The painting was ‘L’orchestre de l’Opéra’. Its central subject was bassoonist Désiré Hippolyte Dihau. Toulouse-Lautrec was inspired by the canvas. Within the decade, he would try his own hand at three portraits of the musician. Both Degas and Lautrec portrayed Dihau playing his bassoon. Both subsequently turned from music to stage and dance – ballet and cabaret – for subjects in their creative work. At one time, no. 4 Rue Frochot was the location of one of the most famous salons in Paris. A salon was a gathering of people who were invited by an inspiring hostess. Such social meetings were held for the refinement of taste and knowledge through conversation and exchange of ideas. The salon was an Italian invention of the sixteenth century. The word ‘salon’ first appeared in France in 1664 (from the Italian word salone which itself is derived from sala or reception hall). Before the end of the seventeenth century, such gatherings were often held in the bedroom of the lady of the house. Reclining on her luxurious bed, she invited close friends who would gather around her. The salon flourished in Paris throughout the seventeenth and eighteenth centuries and served as a meeting ground for political, social, and cultural discussion. And there was plenty to discuss between 1770 through 1830, years in which France experienced a plethora of change and growth, politically, socially, and culturally. The arrival and departure of the Enlightenment, the French Revolution and the Restoration, each left their marks on the Parisian salon. The presence of a beautiful and educated patroness gave additional charm to the concept of the salon. Aristocratic and upper bourgeoisie women known as salonnières organized salons from their homes.

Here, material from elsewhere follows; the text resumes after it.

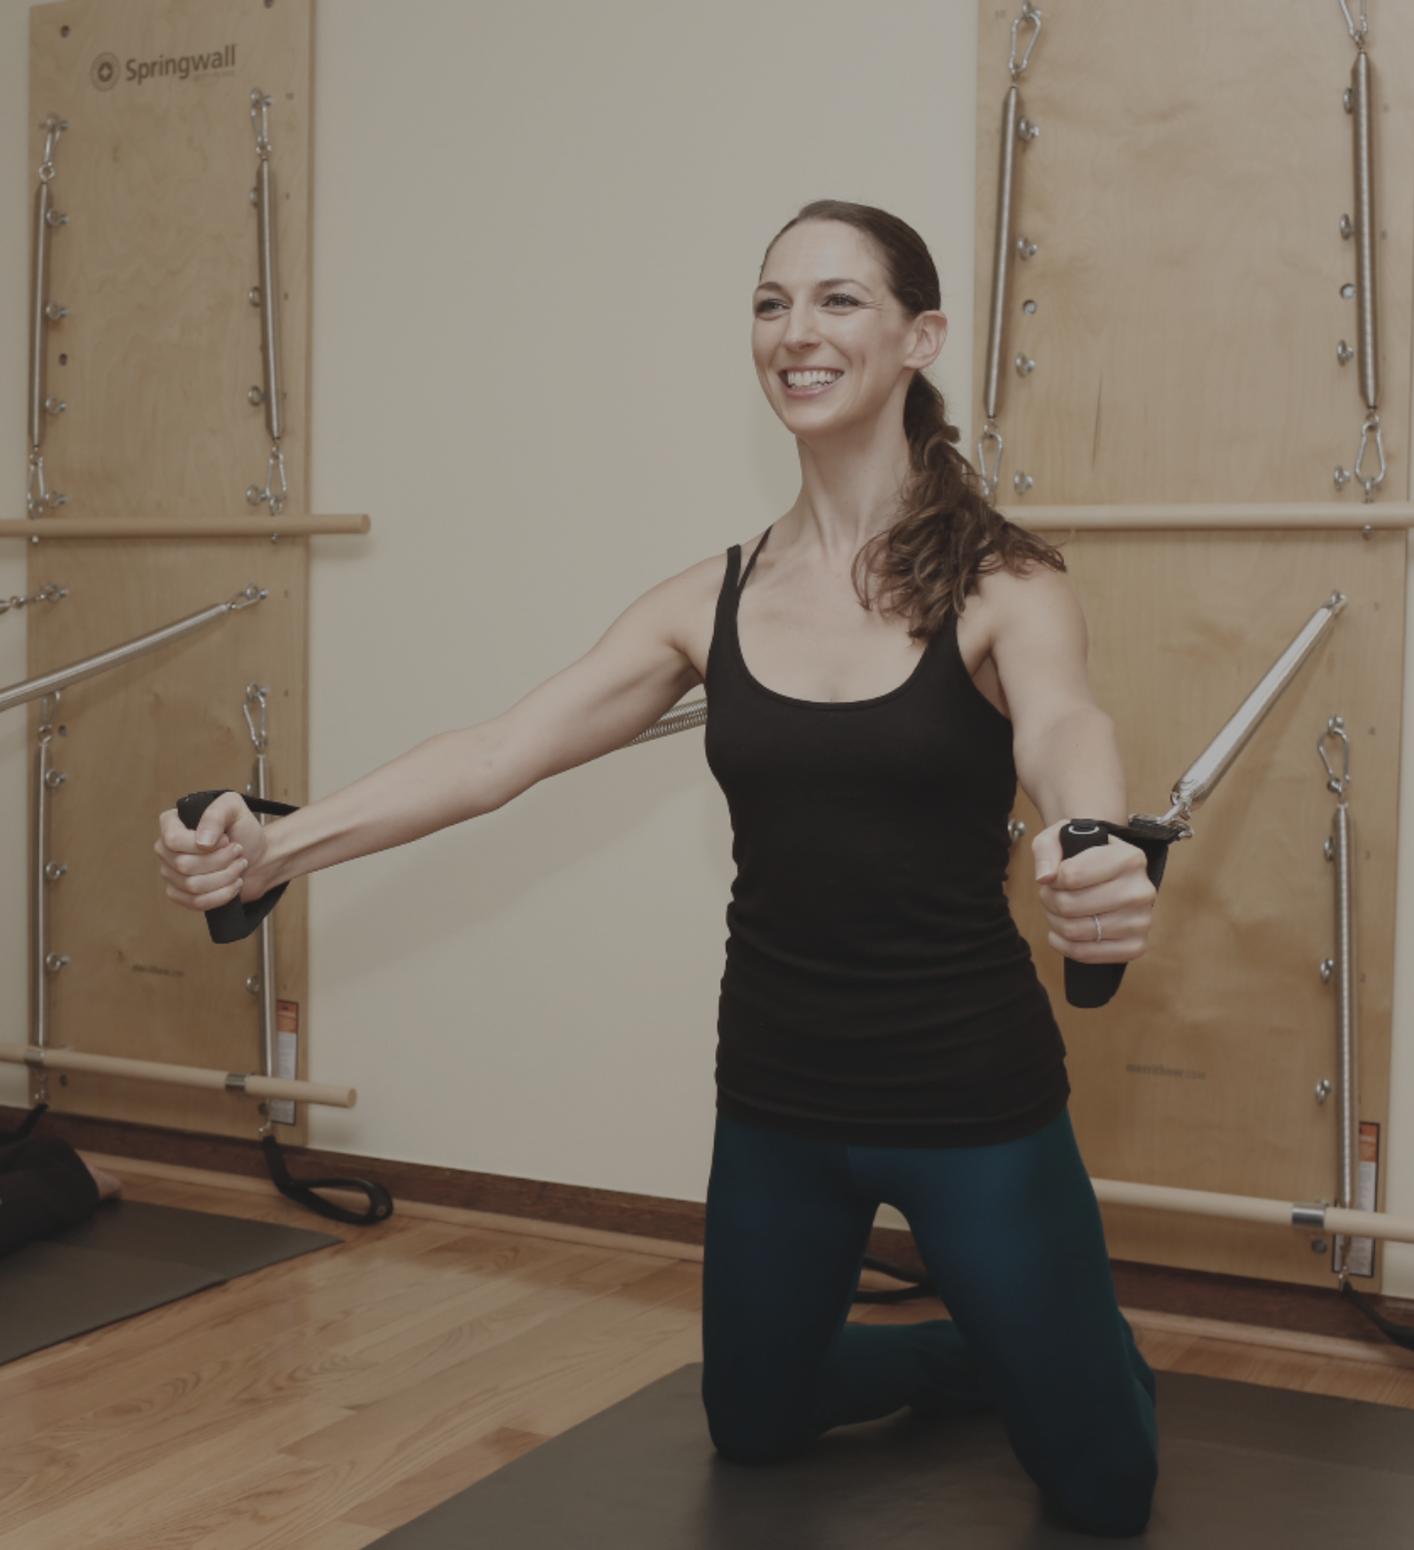 lauren-levine-postpartum-corrective-exercise-specialist-studio27

The first renowned salon in France was the Hôtel de Rambouillet (formerly the Hôtel de Pisani), close to the Louvre, where from 1607 until her death Rome-born Catherine de Vivonne, marquise de Rambouillet, entertained her guests. She received her visitors in a salon painted in blue, the ‘chambre bleue’. Almost all major personages of the French aristocracy and literature of the time frequented her salon, including Corneille, Malherbe, Jean de La Fontaine, Madame de Sévigné, Paul Scarron, and many other prominent figures in social and cultural life of the age. The gatherings at the Hôtel de Rambouillet established the salon’s rules of etiquette which resembled the earlier codes of Italian chivalry.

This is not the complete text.